Stratification: How to get the same number of examples for each class?
JohnQuest
New Altair Community Member
I have a data set of 2 labels, label A(6000 items), label B(500items).
I want to run a 10-fold cross validation but with sampling. For example: the 1st fold has 600 of label A and 50 of label B. we want to sample 50 label A out and create a new 1st fold with 50 label A and 50 label B. Same process for rest of 8 folds and we use 9 folds together to training and 1 fold of non-sampled data to testing. The process loop through for the entire data set and collect the performance.
So far I am able to do the above process one fold by one fold which is time consuming. I was hoping to set up a process to do them automatically.

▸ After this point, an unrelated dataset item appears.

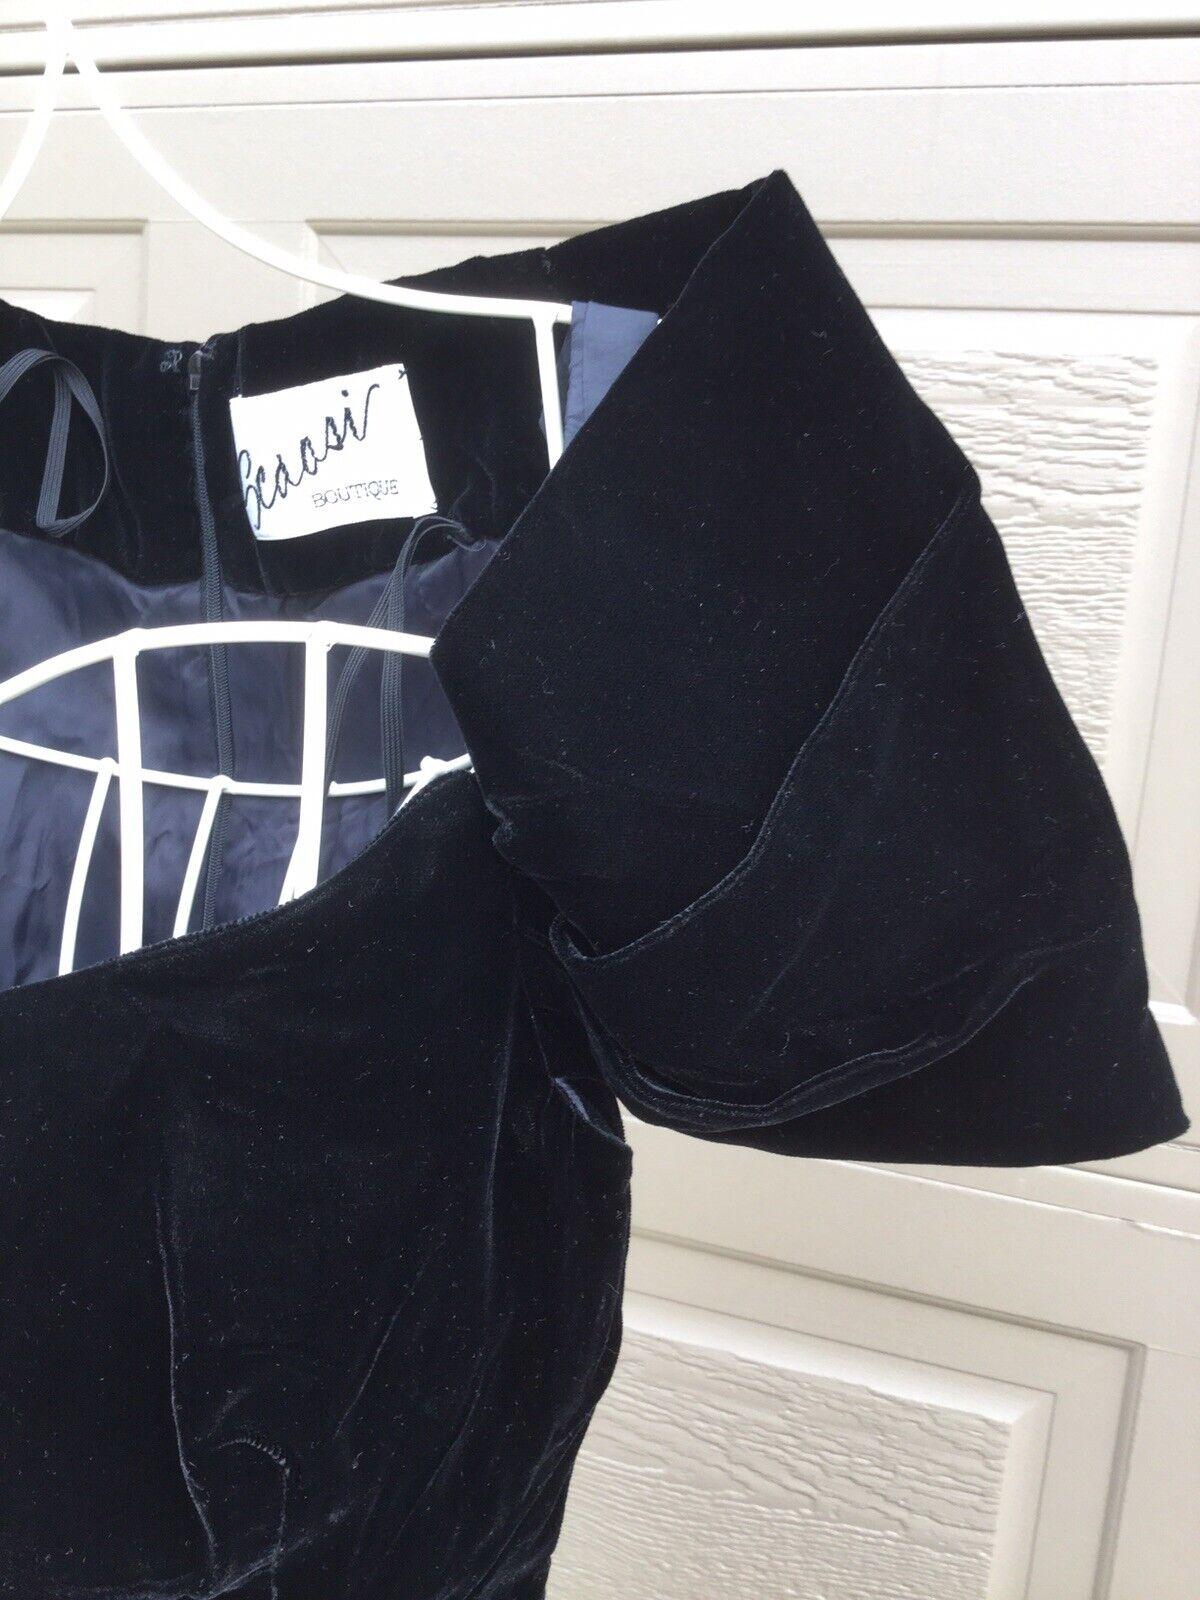 Scaasi Boutique Couture Black Velvet Satin Dress,… - image 4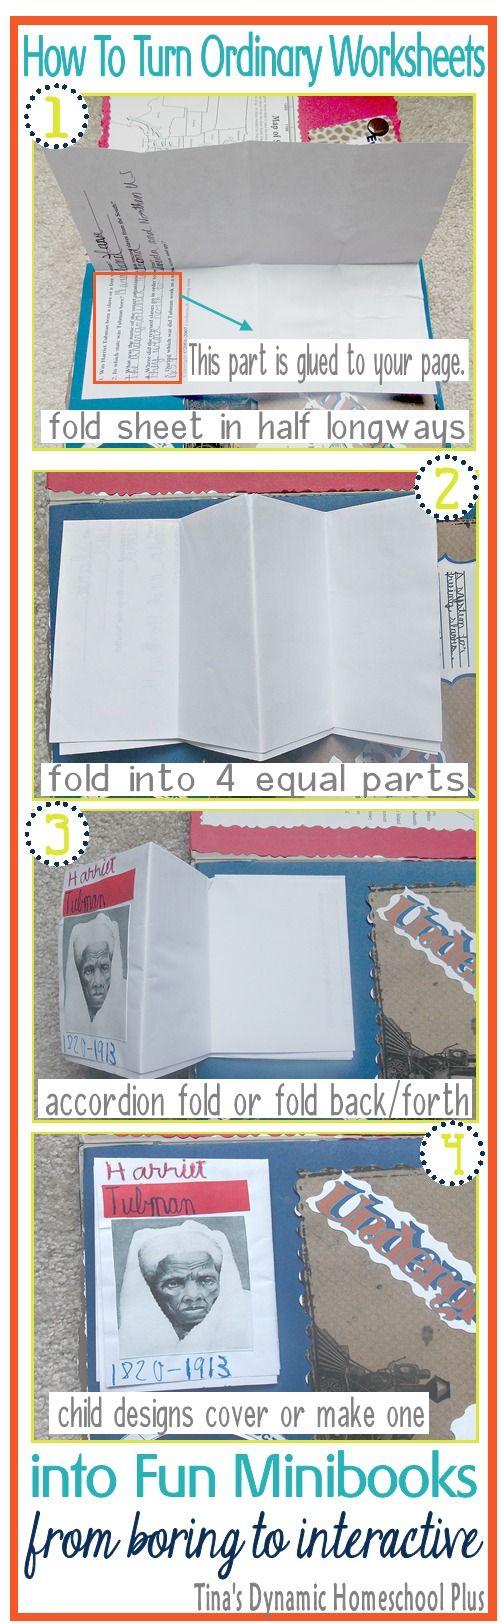 The 99 best lapbooks images on Pinterest | Lap books, Teaching ...

Thanks in advance for your support
John Quest
I want to run a 10-fold cross validation but with sampling. For example: the 1st fold has 600 of label A and 50 of label B. we want to sample 50 label A out and create a new 1st fold with 50 label A and 50 label B. Same process for rest of 8 folds and we use 9 folds together to training and 1 fold of non-sampled data to testing. The process loop through for the entire data set and collect the performance.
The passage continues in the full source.